Task requirements. Reproduce word for word the lines of the listing from the first one through the one with "NIEUW: seafood bouillon en curry bouillon.", omitting every picture.
BEGIN Source information
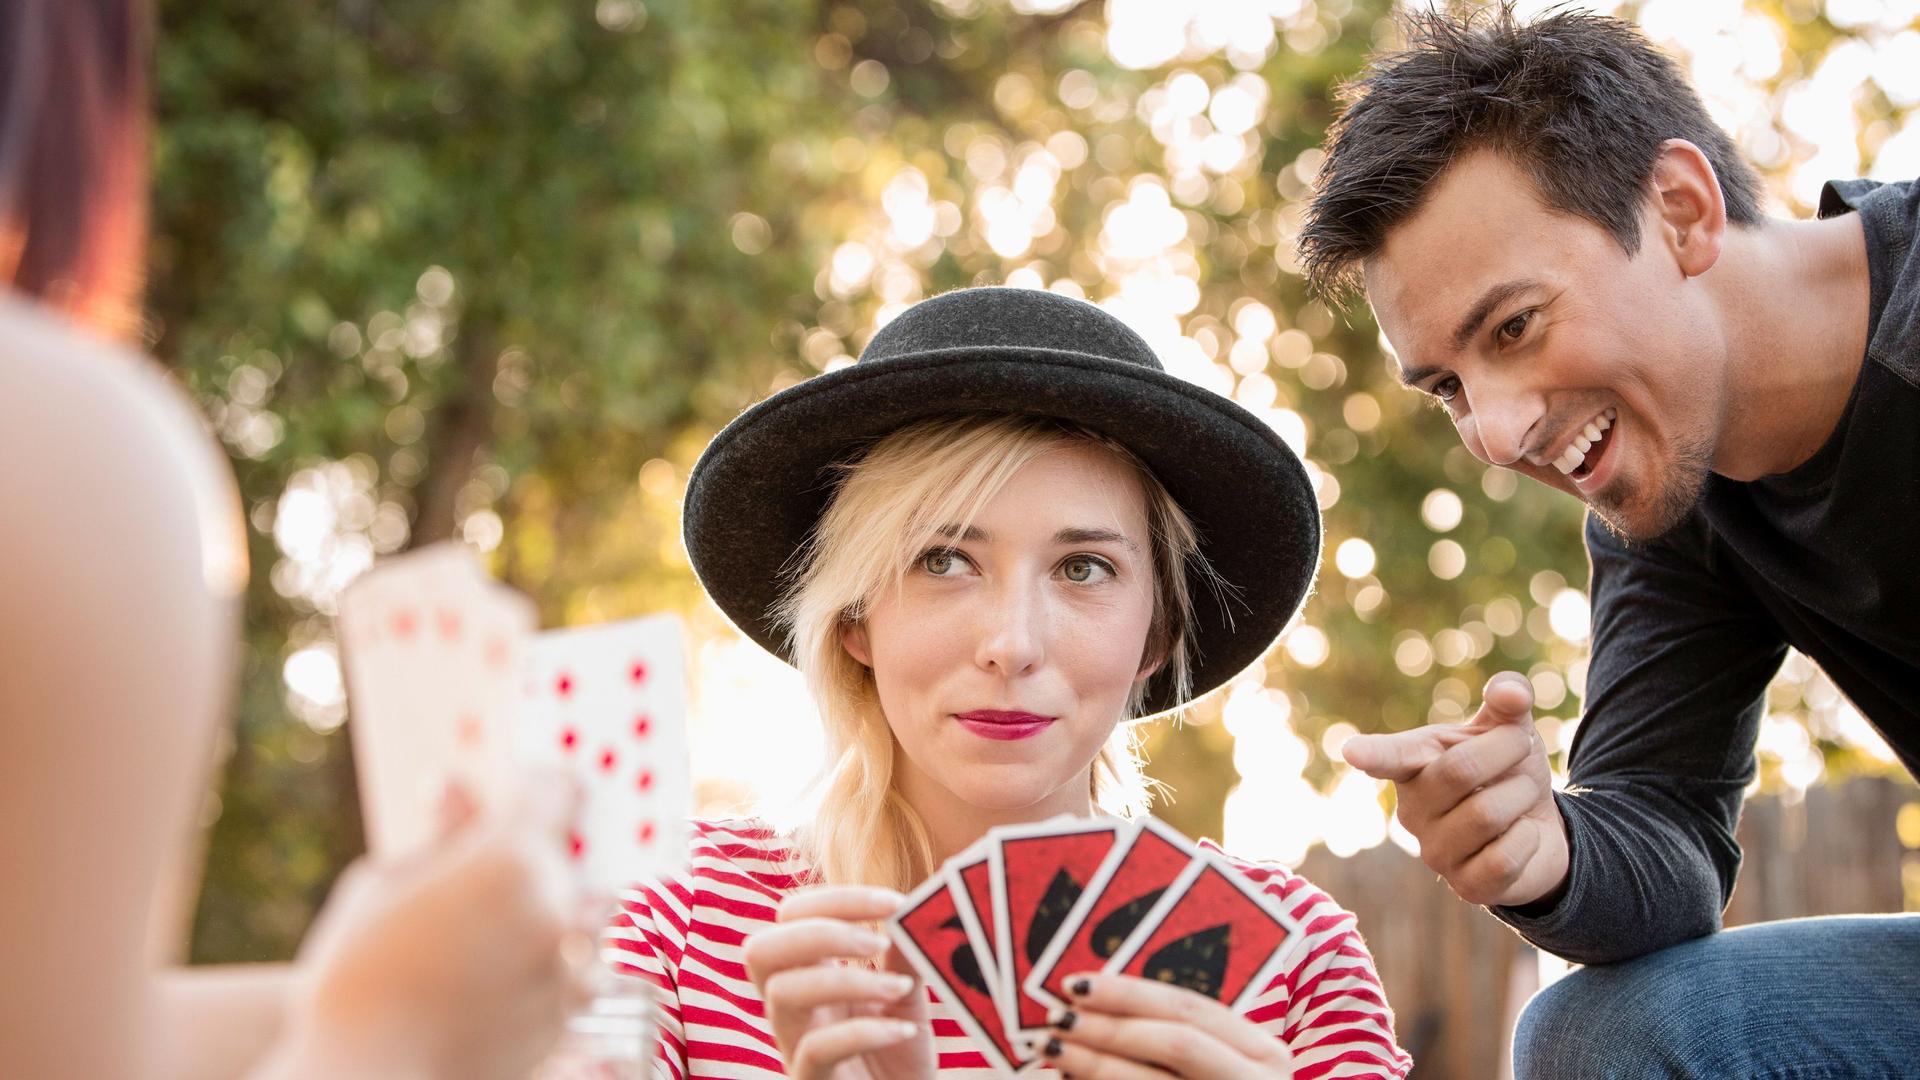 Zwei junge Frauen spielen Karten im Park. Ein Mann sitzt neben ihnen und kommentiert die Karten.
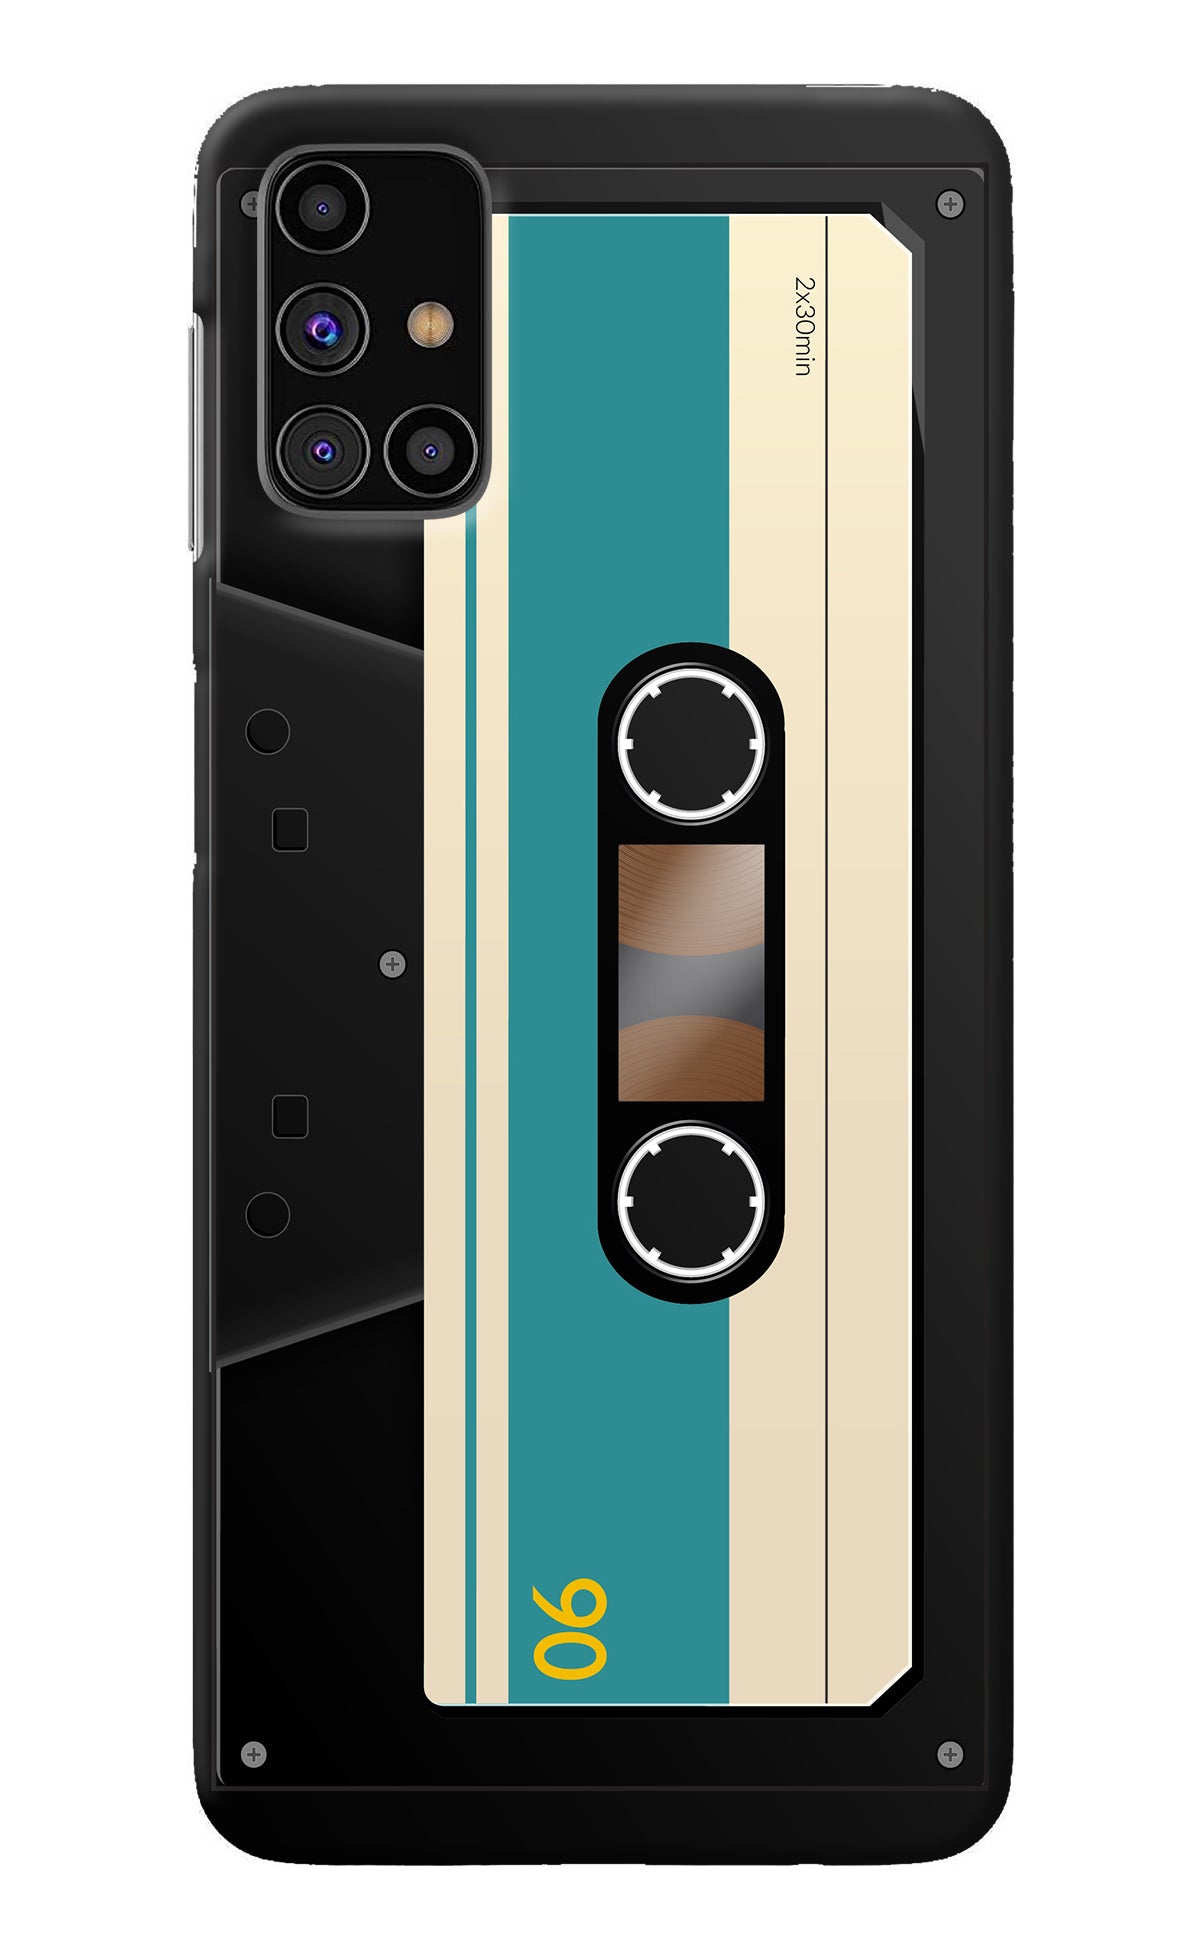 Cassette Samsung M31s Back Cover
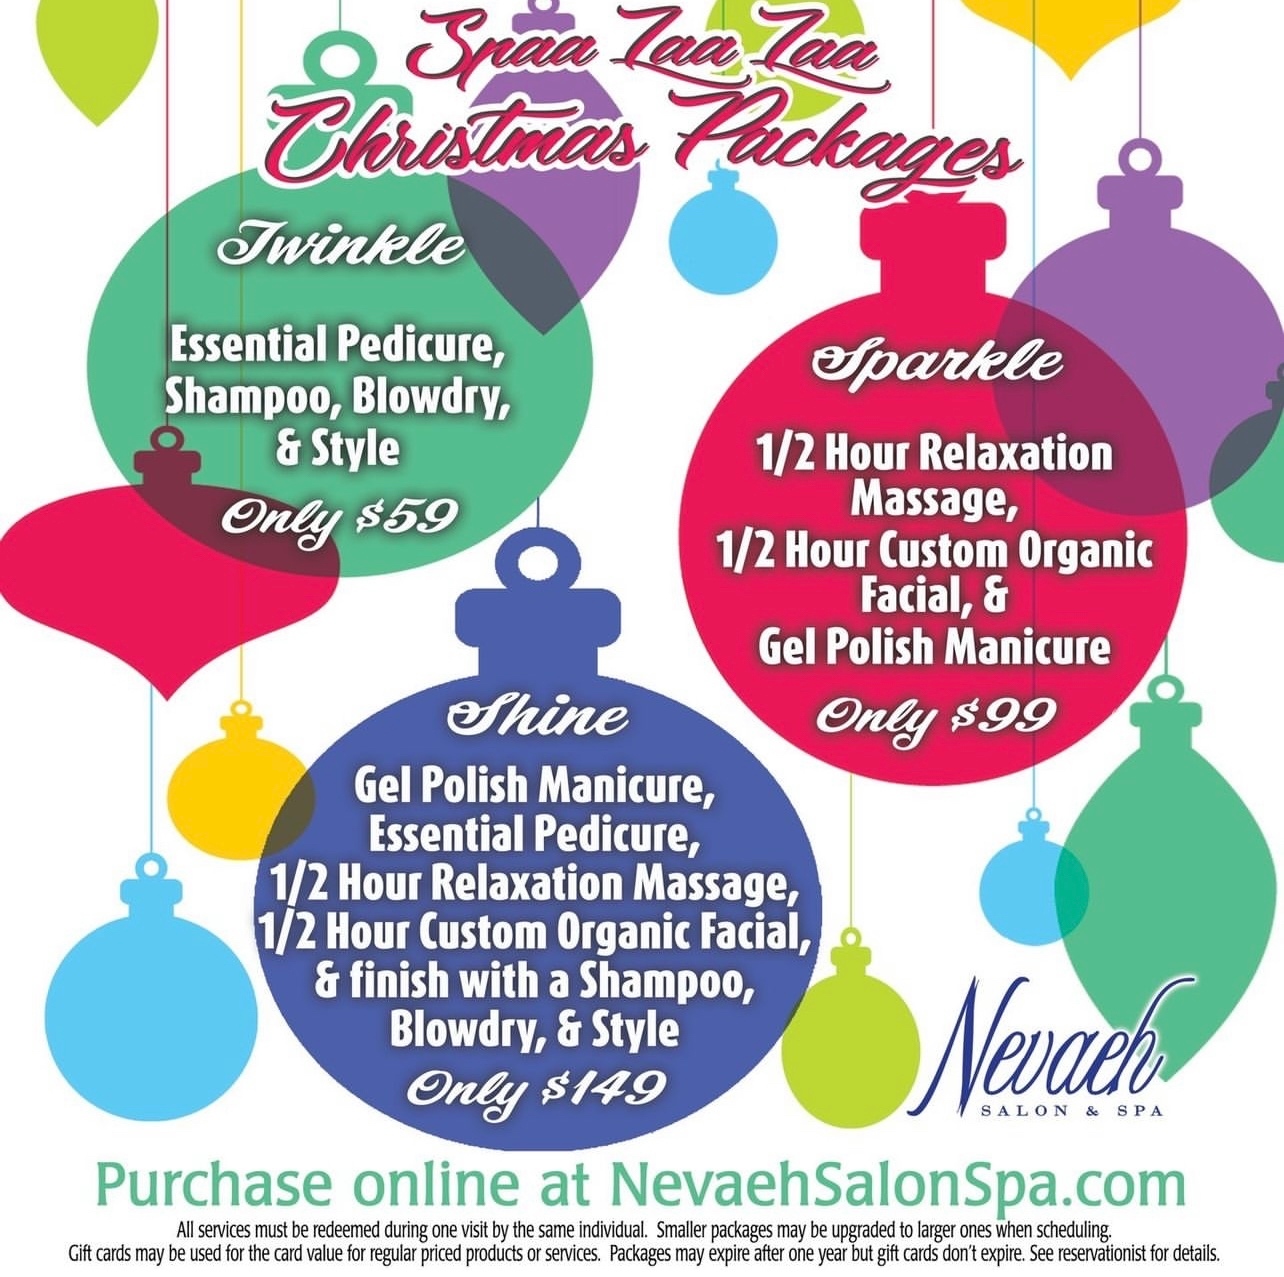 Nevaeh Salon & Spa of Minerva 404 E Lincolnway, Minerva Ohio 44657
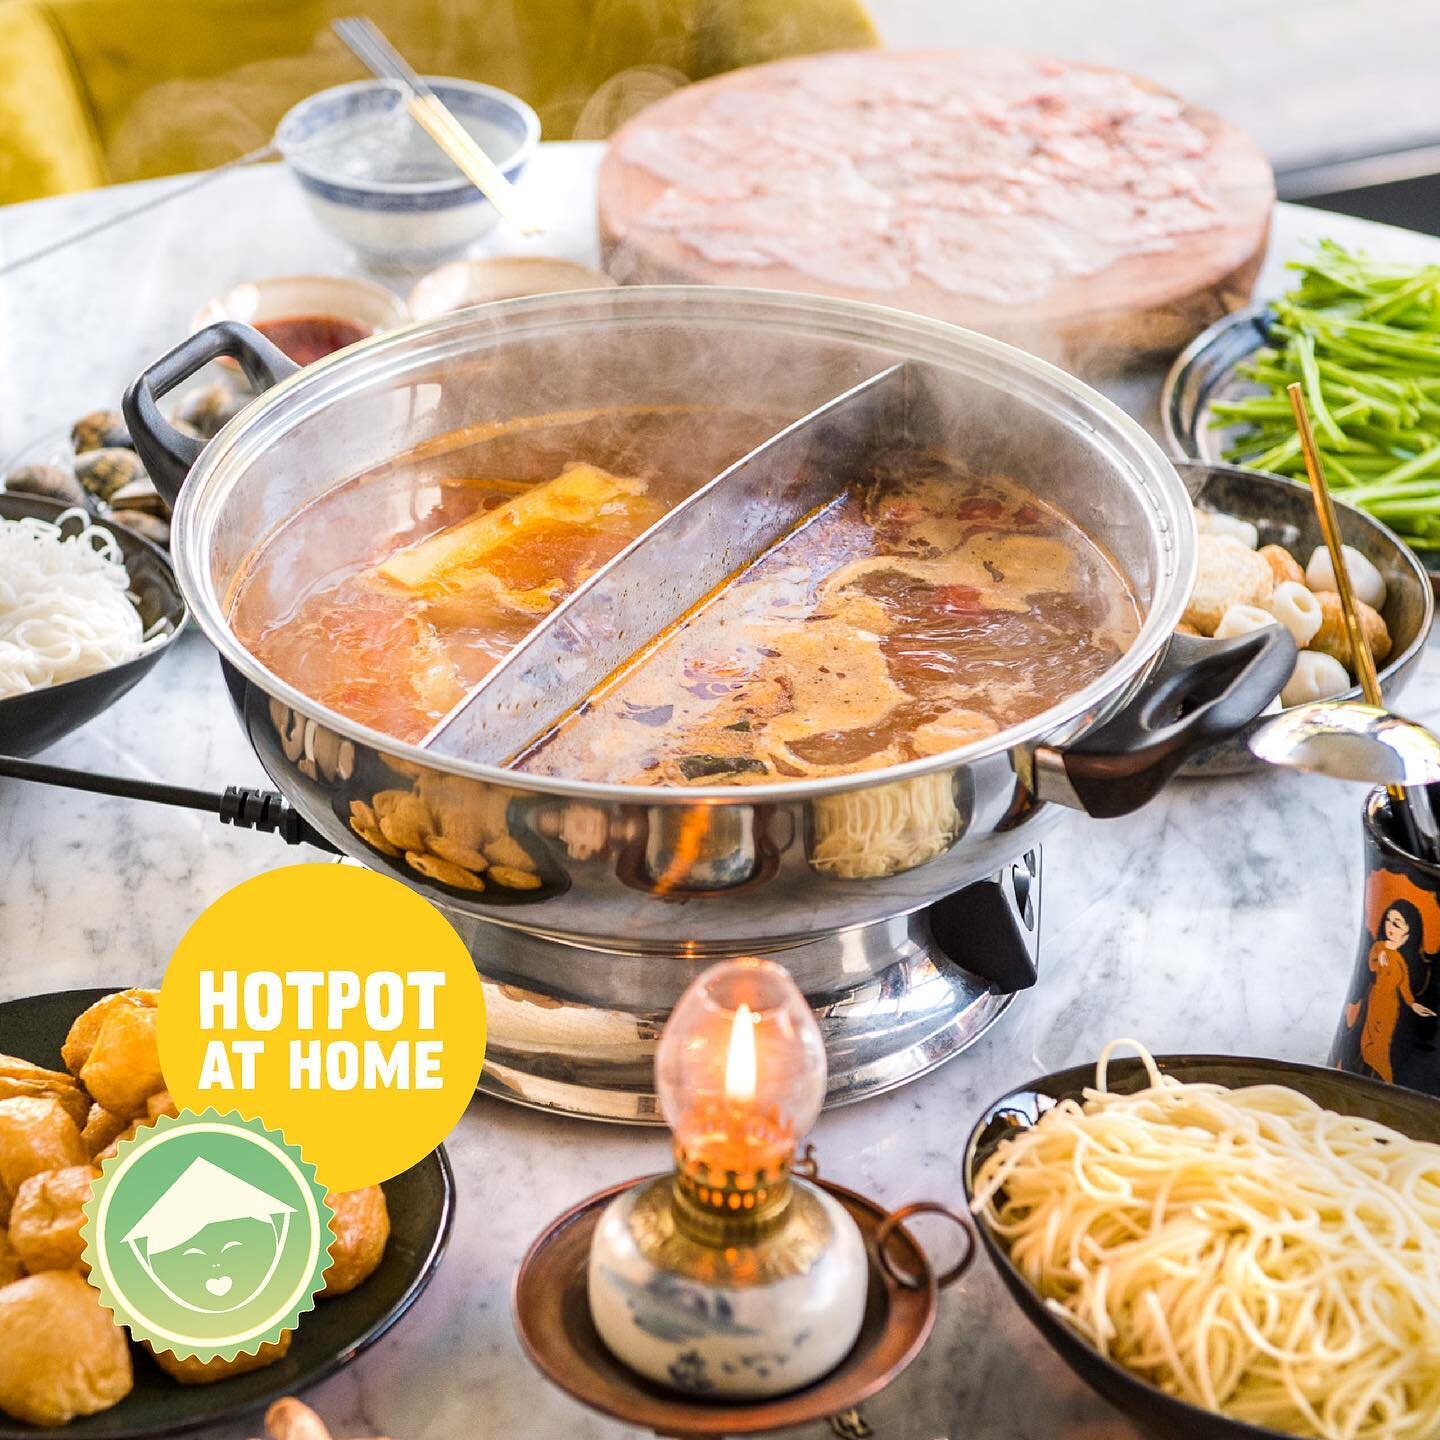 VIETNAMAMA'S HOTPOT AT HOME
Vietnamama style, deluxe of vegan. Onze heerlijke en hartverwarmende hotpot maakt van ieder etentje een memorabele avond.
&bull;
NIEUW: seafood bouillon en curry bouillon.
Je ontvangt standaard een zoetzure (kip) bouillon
END Source information
Answer to this problem.
 Zwei junge Frauen spielen Karten im Park. Ein Mann sitzt neben ihnen und kommentiert die Karten.
 Cassette Samsung M31s Back Cover
 Nevaeh Salon & Spa of Minerva 404 E Lincolnway, Minerva Ohio 44657
 VIETNAMAMA'S HOTPOT AT HOME
Vietnamama style, deluxe of vegan. Onze heerlijke en hartverwarmende hotpot maakt van ieder etentje een memorabele avond.
&bull;
NIEUW: seafood bouillon en curry bouillon.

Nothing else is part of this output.